DNA yields and low-concentration recovery of these assays are graphically illustrated in FIGURES 5 and 6, respectively. As shown, the systems and methods of the present disclosure perform as well or better than the conventional lab-developed, capillary- driven sample prep device.

The above description of illustrated embodiments of the invention, including what is described in the Abstract, is not intended to be exhaustive or to limit the invention to the precise forms disclosed. While specific embodiments of, and examples for, the invention are described herein for illustrative purposes, various modifications are possible within the scope of the invention, as those skilled in the relevant art will recognize.

These modifications can be made to the invention in light of the above detailed description. The terms used in the following claims should not be construed to limit the invention to the specific embodiments disclosed in the specification. Rather, the scope of the invention is to be determined entirely by the following claims, which are to be construed in accordance with established doctrines of claim interpretation.

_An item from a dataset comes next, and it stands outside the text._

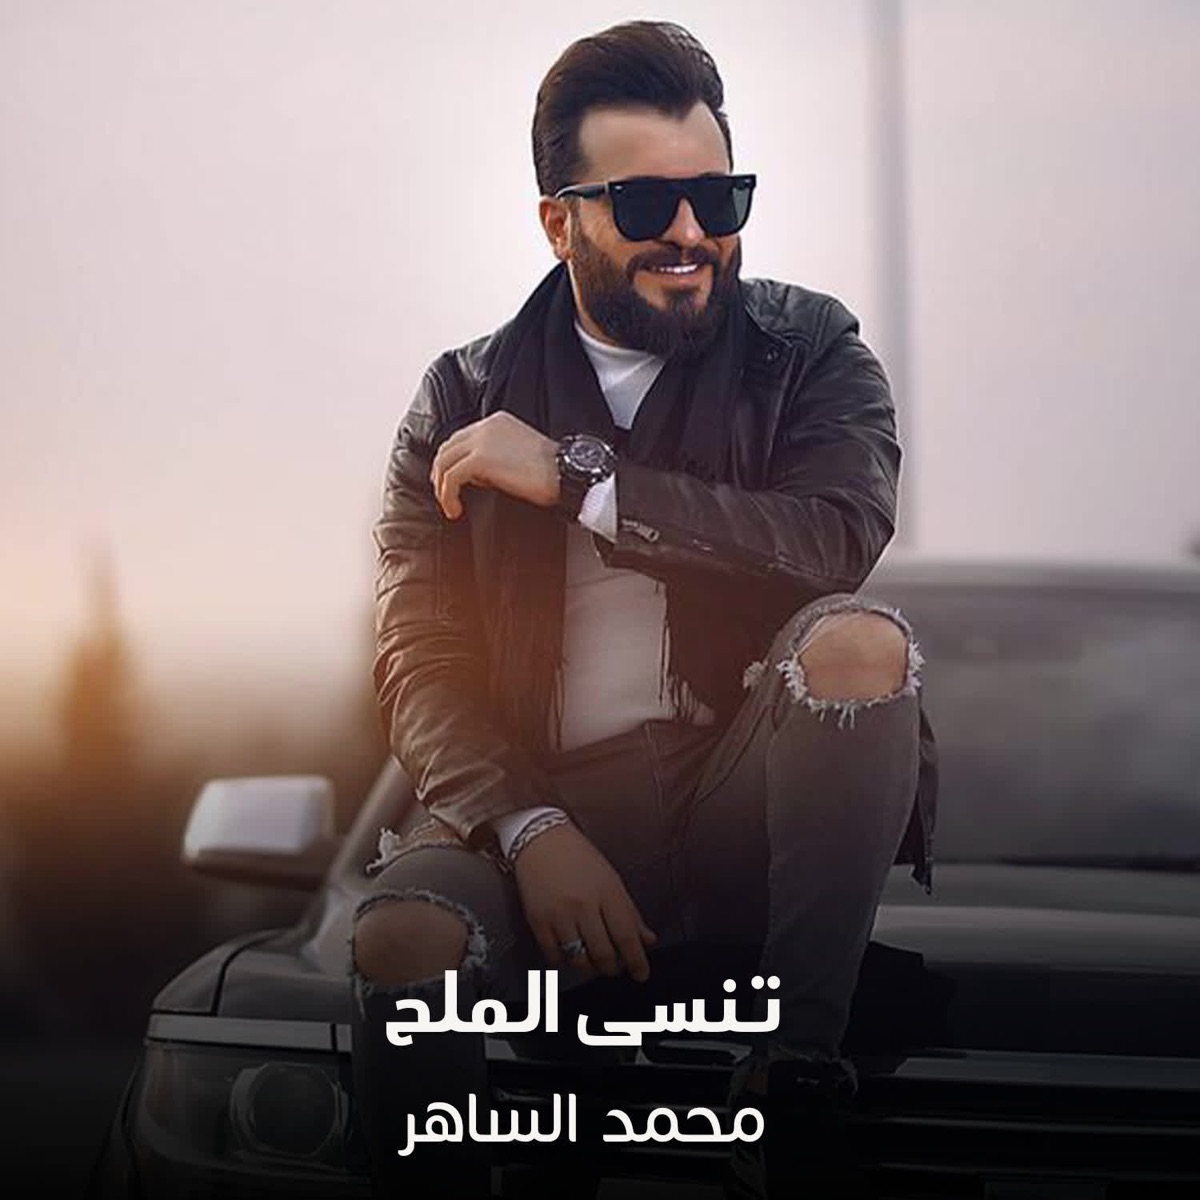 يما الحب يما - Single - Album by محمد الساهر - Apple Music

It should be noted that for purposes of this disclosure, terminology such as "upper," "lower," "vertical," "horizontal," "inwardly," "outwardly," "inner," "outer," "front," "rear," etc., should be construed as descriptive and not limiting the scope of the claimed subject matter. Further, the use of "including," "comprising," or "having" and variations thereof herein is meant to encompass the items listed thereafter and equivalents thereof as well as additional items. Unless limited otherwise, the terms "connected," "coupled," and "mounted" and variations thereof herein are used broadly and encompass direct and indirect connections, couplings, and mountings. The term "about" means plus or minus 5% of the stated value.

The principles, representative embodiments, and modes of operation of the present disclosure have been described in the foregoing description. However, aspects of the present disclosure which are intended to be protected are not to be construed as limited to the particular embodiments disclosed. Further, the embodiments described herein are to be regarded as illustrative rather than restrictive. It will be appreciated that variations and changes may be made by others, and equivalents employed, without departing from the spirit of the present disclosure. Accordingly, it is expressly intended that all such variations, changes, and equivalents fall within the spirit and scope of the present disclosure, as claimed.

While illustrative embodiments have been illustrated and described, it will be appreciated that various changes can be made therein without departing from the spirit and scope of the invention.